# Thefuzz library experiment, fuzzy logic in action

In [45]:
import numpy as np 
import pandas as pd 

In [46]:
from thefuzz import fuzz
from thefuzz import process

## Some important concepts of the library used

## Simple examples

In [47]:
word1 = 'HELLO FUZZYWUZZY'
word2 = 'hello fuzzywuzzy'

In [48]:
fuzz.ratio(word1,word2)

6

In [49]:
fuzz.partial_ratio(word1,word2)

6

In [50]:
fuzz.token_sort_ratio(word1,word2)

100

In [51]:
fuzz.token_set_ratio(word1,word2)

100

## Creating our dataset

In [52]:
# list of previous points
prelist = ['There is a hurt person nearby to the Santa Lucia school, in the 67 street', 
        'A traffic accident in the 96 avenue, with direction to the 45 street',
        'There is a kid who fall in a hole in the 75 stret , sec 23, near to the Alfred Cafe',
        'there is a collision between vehicules at the traffic line of the 45 section, 67 street',
        'A taxi crashed against a school bus in the San Juan Avenue, with direction to the 67 streeet'
      ]
  
# list of new points
newlist = ['in the 45 street there is a person blackout, at the 96 avenue',
          'at the section 23 of the 75 street there is a oldman that needs medical attention',
          'collision in the 67 street, with direction to the school',
          'a motorcicle crash in the 67 streett, 45 sec, medical support required',
          'At the 67th street, a collision between vehicules around the San Juan Ave.']

In [53]:
df_fuzzy = pd.DataFrame(list(zip(prelist, newlist)),columns =['previous', 'new'])
df_fuzzy[:5]

Unnamed: 0,previous,new
0,There is a hurt person nearby to the Santa Luc...,"in the 45 street there is a person blackout, a..."
1,"A traffic accident in the 96 avenue, with dire...",at the section 23 of the 75 street there is a ...
2,There is a kid who fall in a hole in the 75 st...,"collision in the 67 street, with direction to ..."
3,there is a collision between vehicules at the ...,"a motorcicle crash in the 67 streett, 45 sec, ..."
4,A taxi crashed against a school bus in the San...,"At the 67th street, a collision between vehicu..."
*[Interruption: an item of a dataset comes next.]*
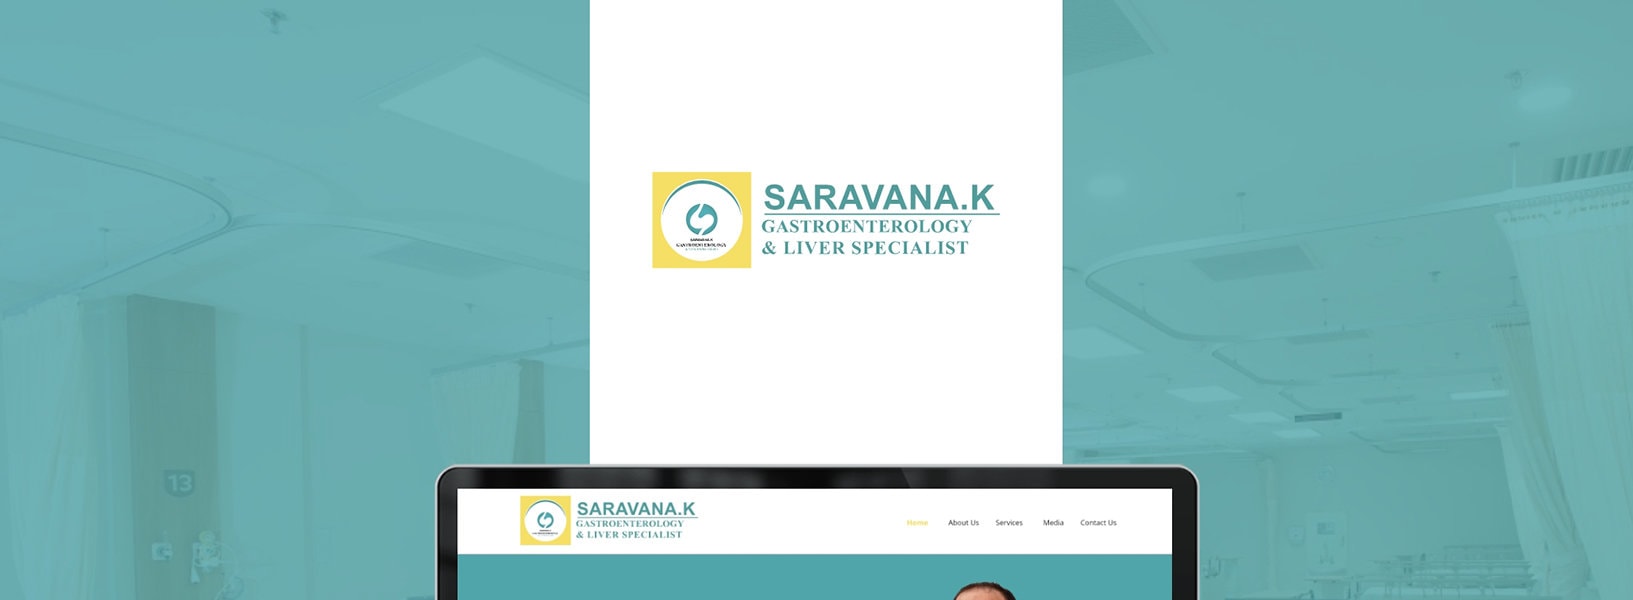 Dr-Saravana_01
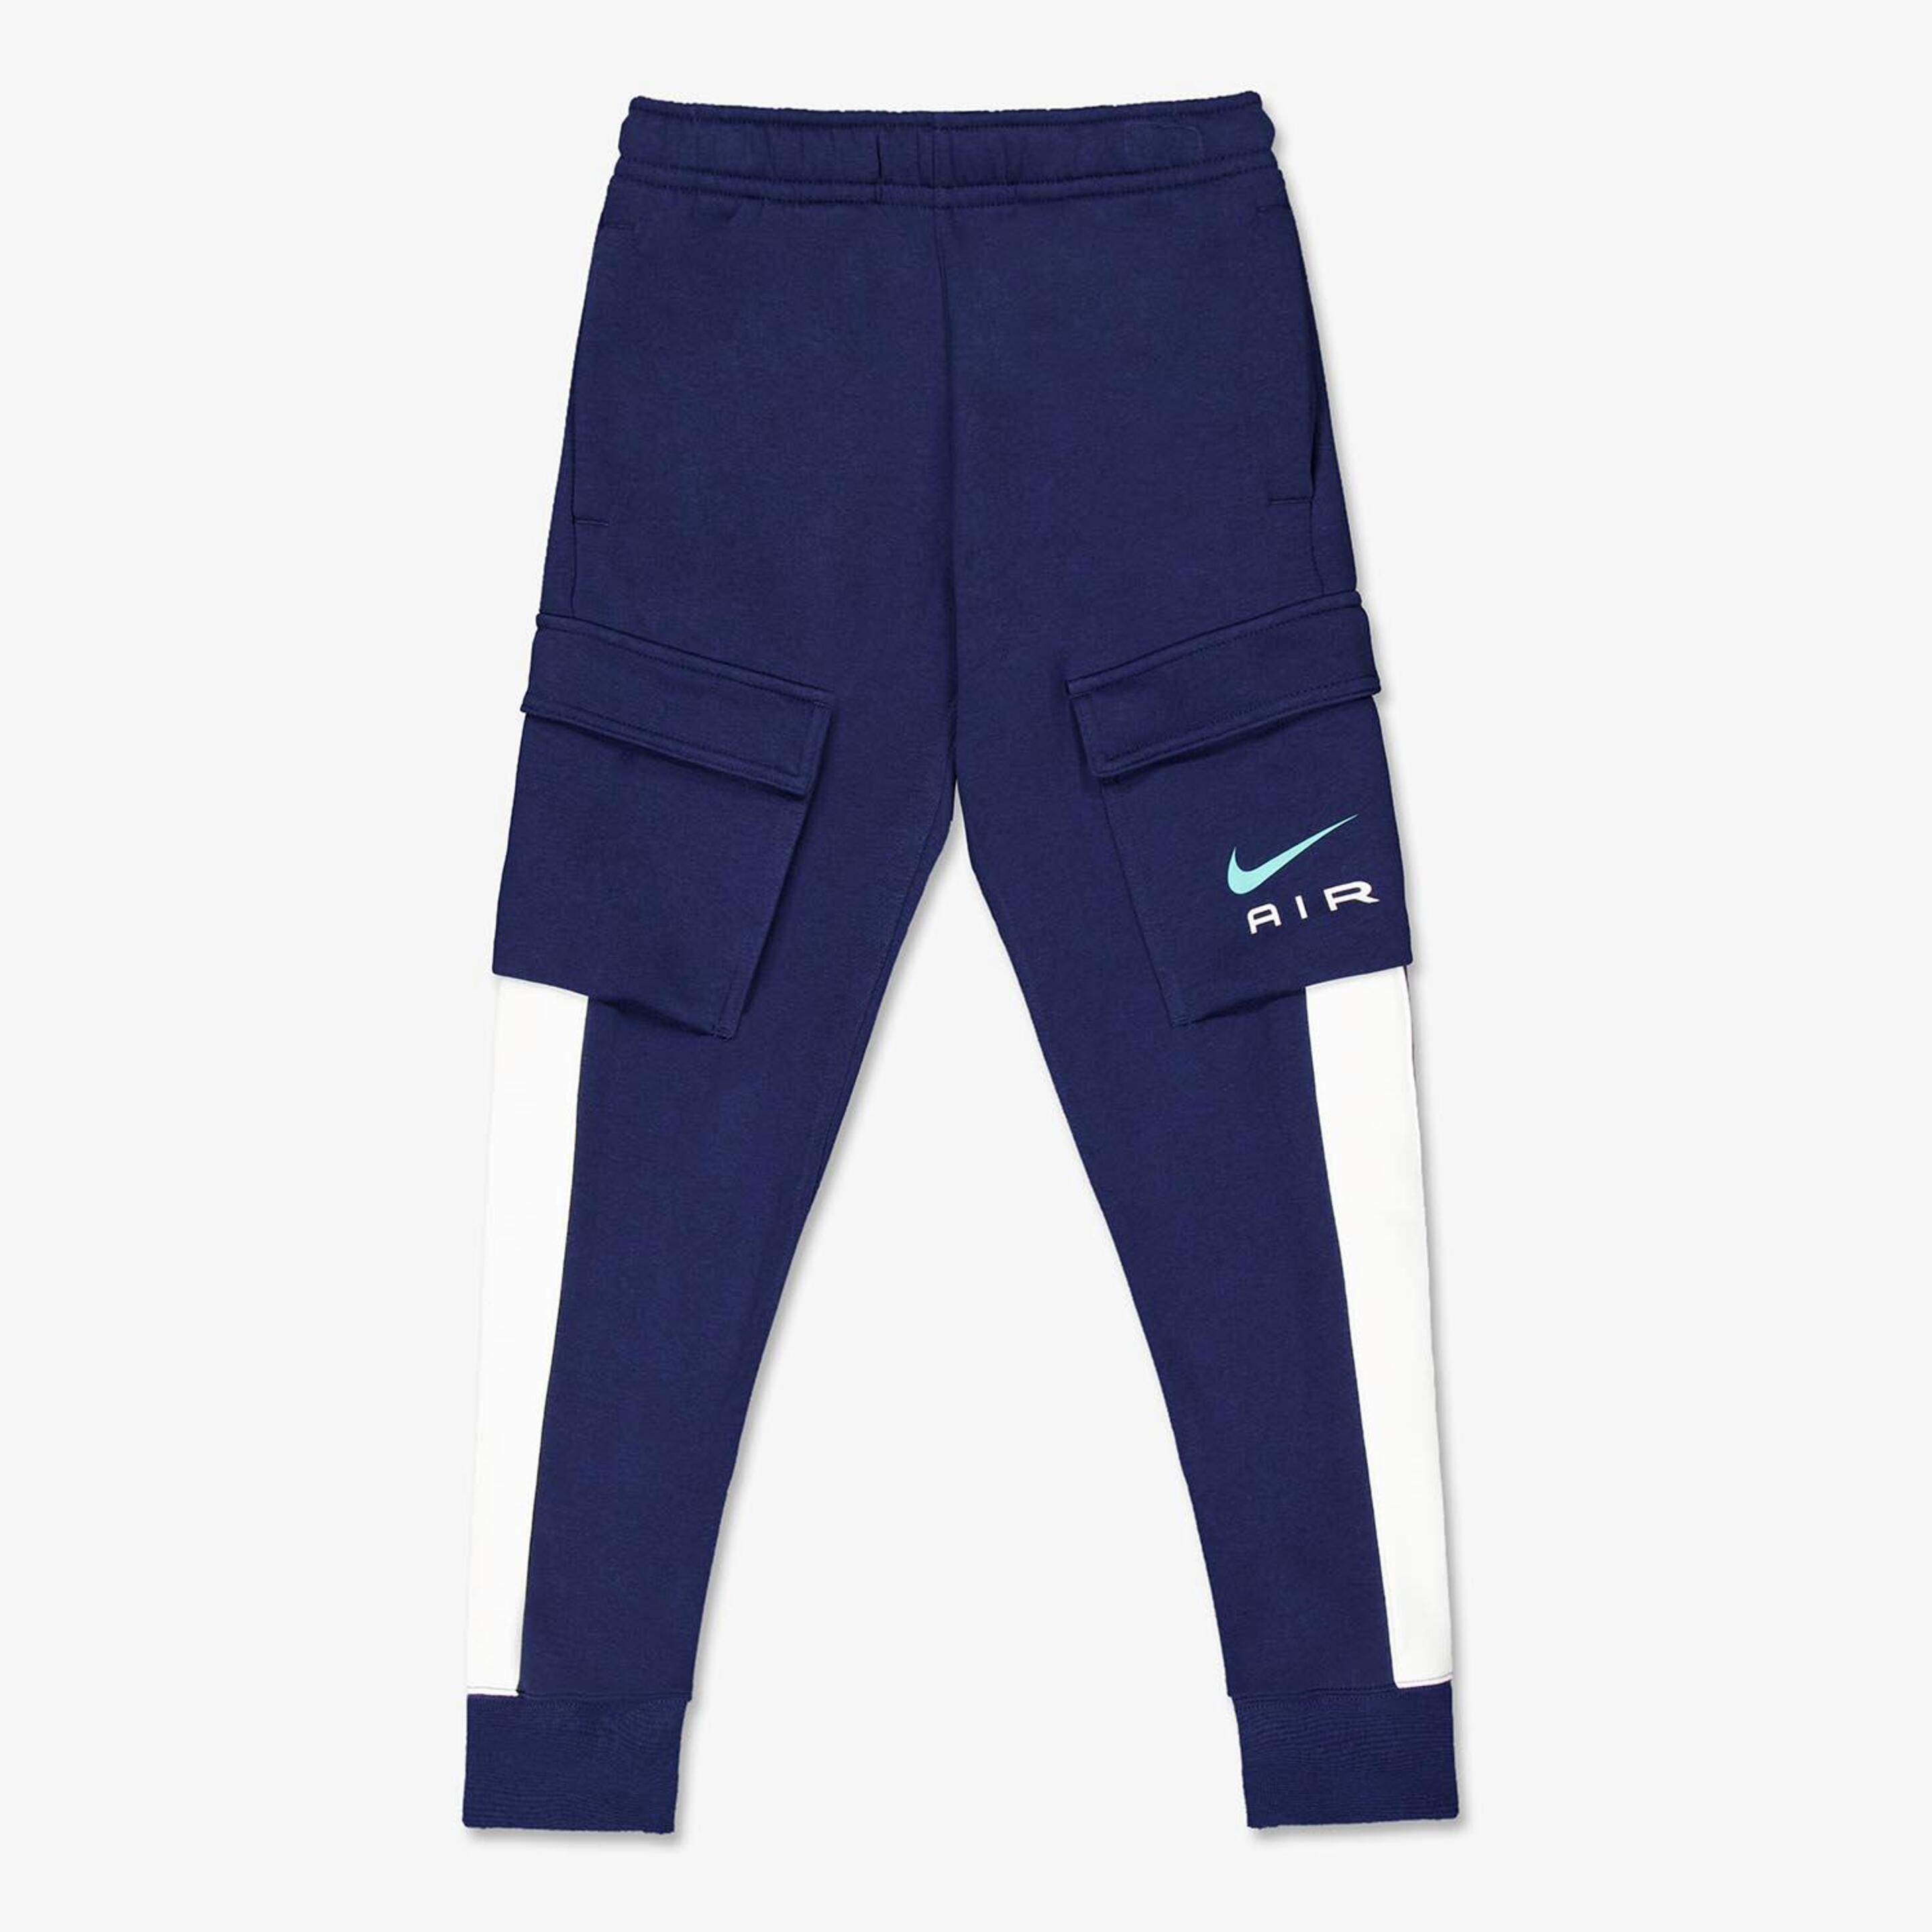 Pantalón Nike - azul - Pantalón Junior

## Using 'Fuzz' to find Ratios

In [54]:
def measureRatio(row):
    return fuzz.ratio(str(row['previous']).lower(),str(row['new']).lower())

def measurePartialRatio(row):
    return fuzz.partial_ratio(str(row['previous']).lower(),str(row['new']).lower())

def measureTokenSortRatio(row):
    return fuzz.token_sort_ratio(row['previous'],row['new'])

def measureTokenSetRatio(row):
    return fuzz.token_set_ratio(row['previous'],row['new'])

In [55]:
df_fuzzy['measureRatio'] = df_fuzzy.apply(lambda row: measureRatio(row), axis = 1)

In [56]:
df_fuzzy['measurePartialRatio'] = df_fuzzy.apply(lambda row: measurePartialRatio(row), axis = 1)

In [57]:
df_fuzzy['measureTokenSortRatio'] = df_fuzzy.apply(lambda row: measureTokenSortRatio(row), axis = 1)

In [58]:
df_fuzzy['measureTokenSetRatio'] = df_fuzzy.apply(lambda row: measureTokenSetRatio(row), axis = 1)

In [59]:
df_fuzzy[:]

Unnamed: 0,previous,new,measureRatio,measurePartialRatio,measureTokenSortRatio,measureTokenSetRatio
0,There is a hurt person nearby to the Santa Luc...,"in the 45 street there is a person blackout, a...",51,48,61,71
1,"A traffic accident in the 96 avenue, with dire...",at the section 23 of the 75 street there is a ...,44,44,54,54
2,There is a kid who fall in a hole in the 75 st...,"collision in the 67 street, with direction to ...",49,59,53,52
3,there is a collision between vehicules at the ...,"a motorcicle crash in the 67 streett, 45 sec, ...",43,46,48,49
4,A taxi crashed against a school bus in the San...,"At the 67th street, a collision between vehicu...",45,50,58,56


## Using 'Process' to find better matches

In [60]:
process.extract('collision in the 67 street, with direction to the school', df_fuzzy['new'],scorer=fuzz.token_sort_ratio)

[('collision in the 67 street, with direction to the school', 100, 2),
 ('in the 45 street there is a person blackout, at the 96 avenue', 54, 0),
 ('At the 67th street, a collision between vehicules around the San Juan Ave.',
  52,
  4),
 ('at the section 23 of the 75 street there is a oldman that needs medical attention',
  51,
  1),
 ('a motorcicle crash in the 67 streett, 45 sec, medical support required',
  50,
  3)]

In this case the best solution is the first one because it gave a 100 in similirity.